Using the listing below, report all lines holding the word "wedding".

RECORDS SHOWN Block Start

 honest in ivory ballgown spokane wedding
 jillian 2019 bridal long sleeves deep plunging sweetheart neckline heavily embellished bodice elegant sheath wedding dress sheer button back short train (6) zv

RECORDS SHOWN Block End
RECORDS SHOWN Block Start

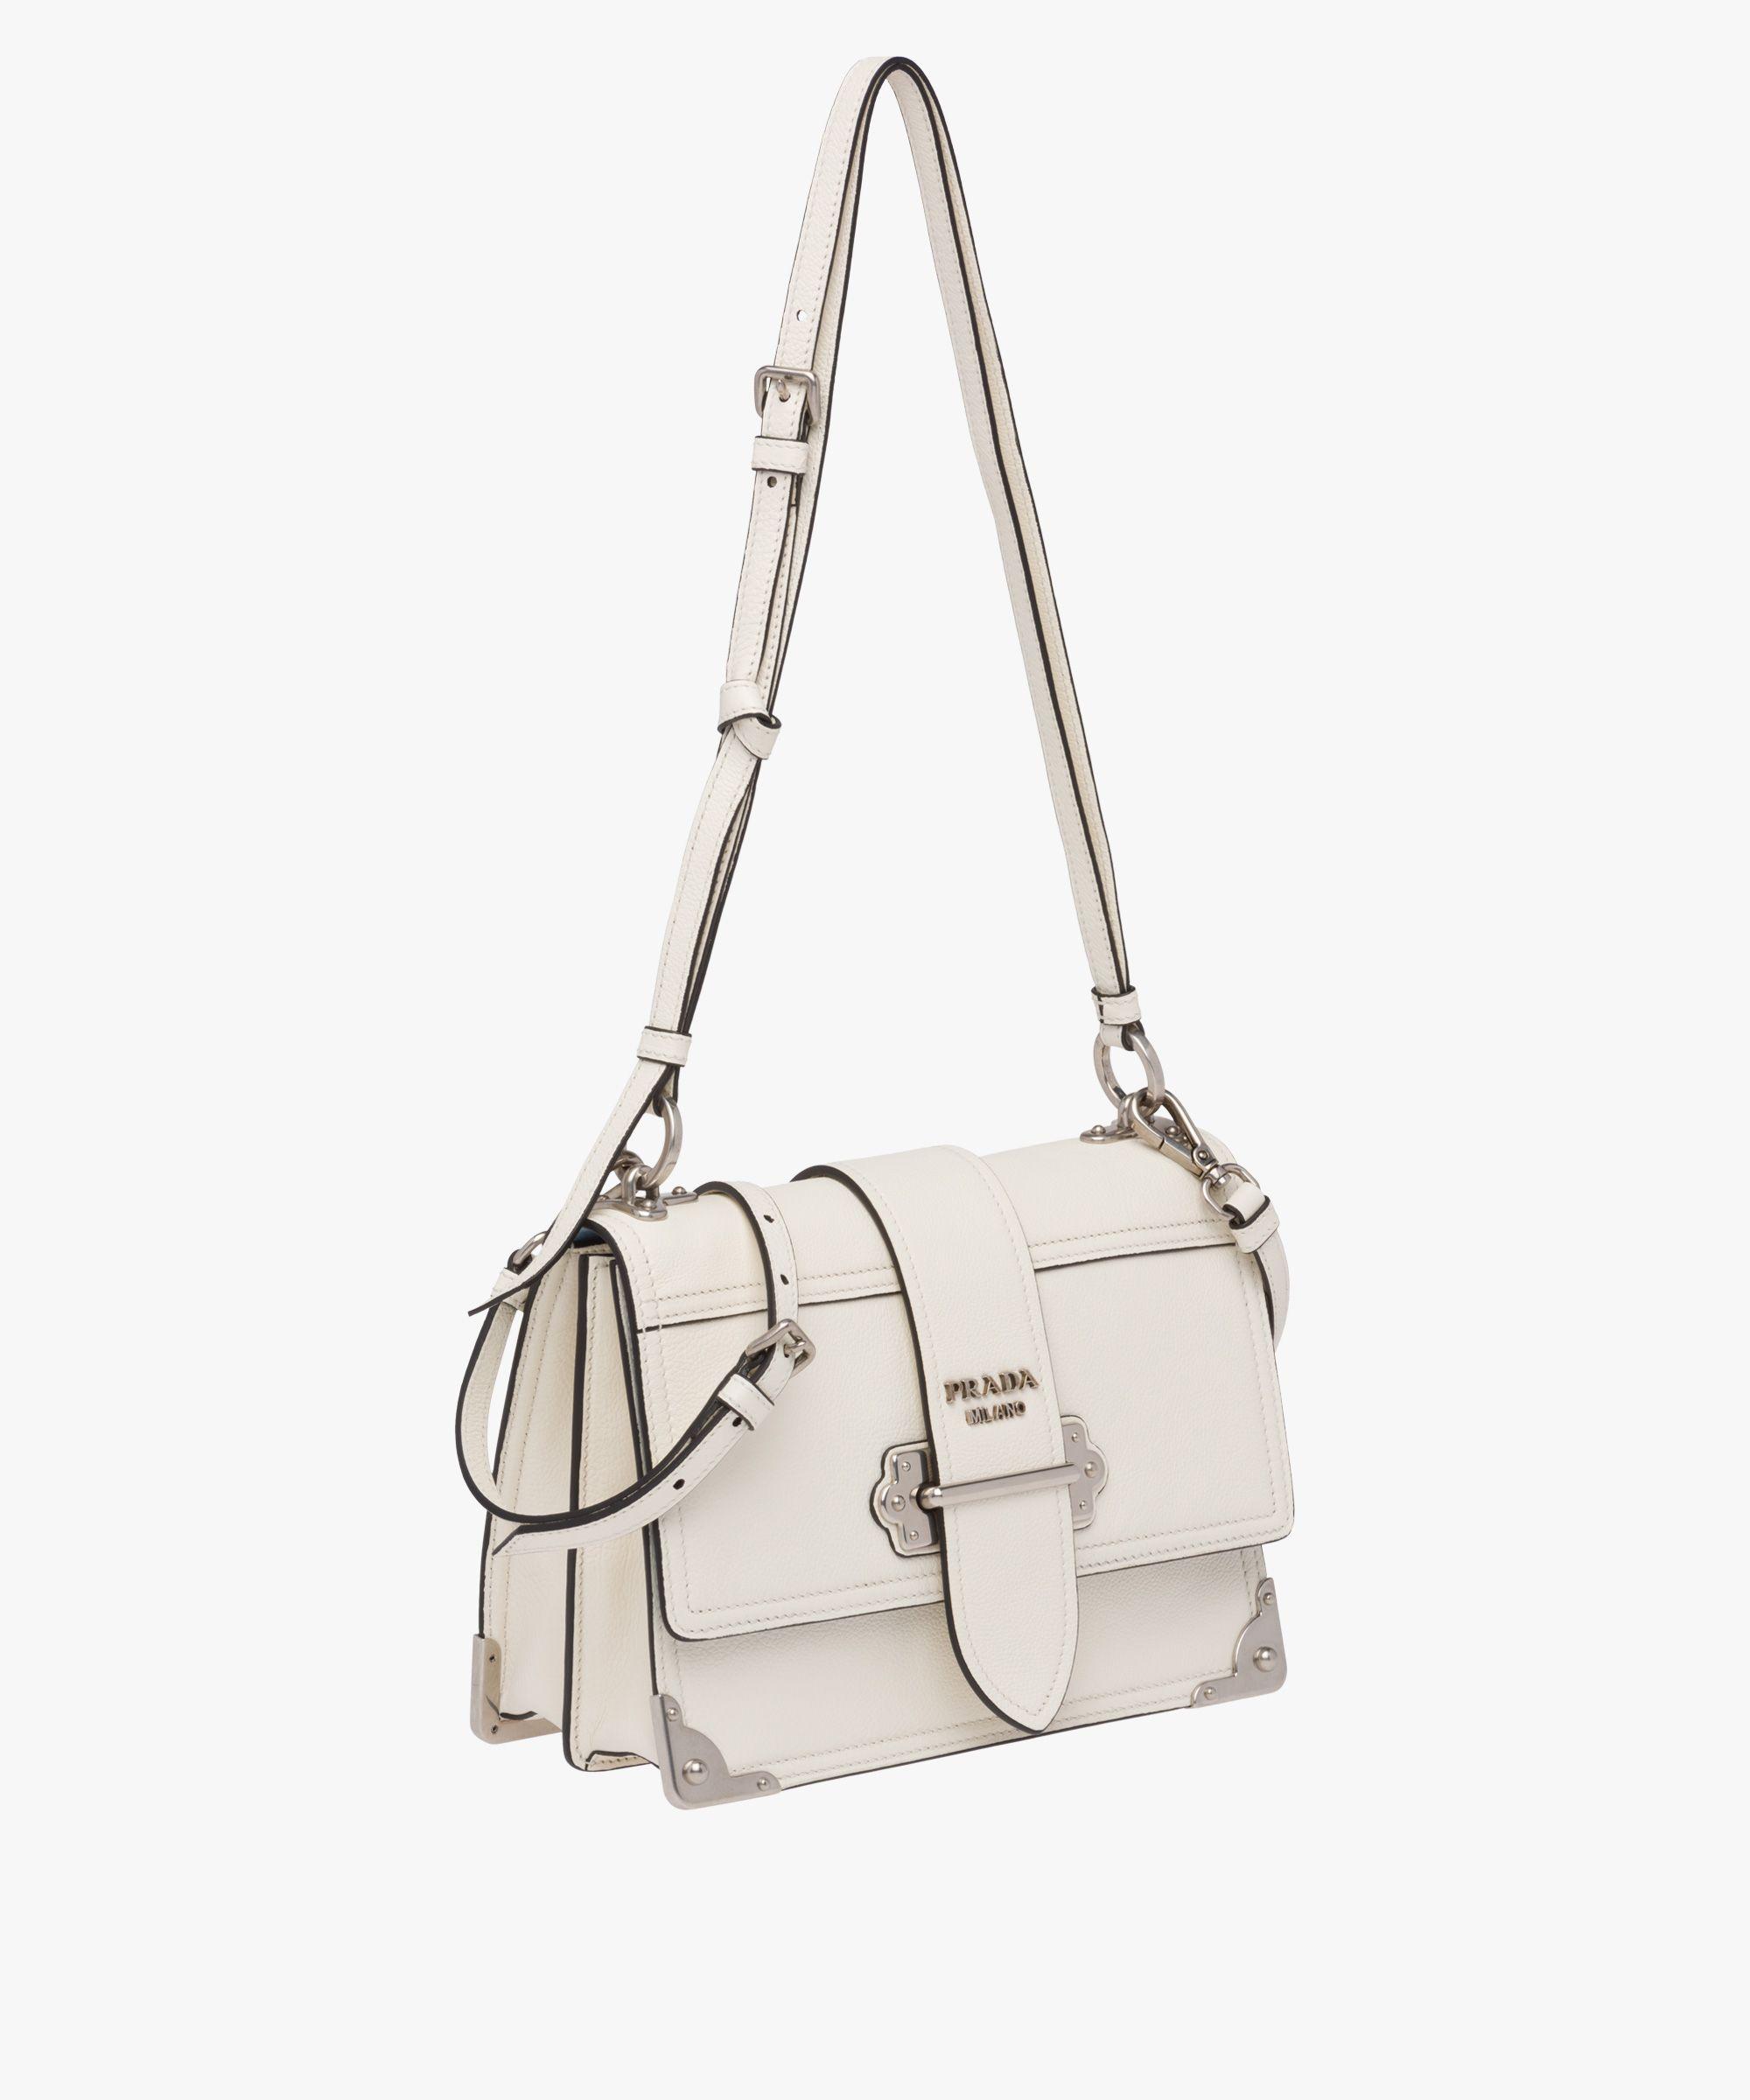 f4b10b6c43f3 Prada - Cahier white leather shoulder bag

RECORDS SHOWN Block End

# [OUTPUT FOR THIS TASK]
 honest in ivory ballgown spokane wedding
 jillian 2019 bridal long sleeves deep plunging sweetheart neckline heavily embellished bodice elegant sheath wedding dress sheer button back short train (6) zv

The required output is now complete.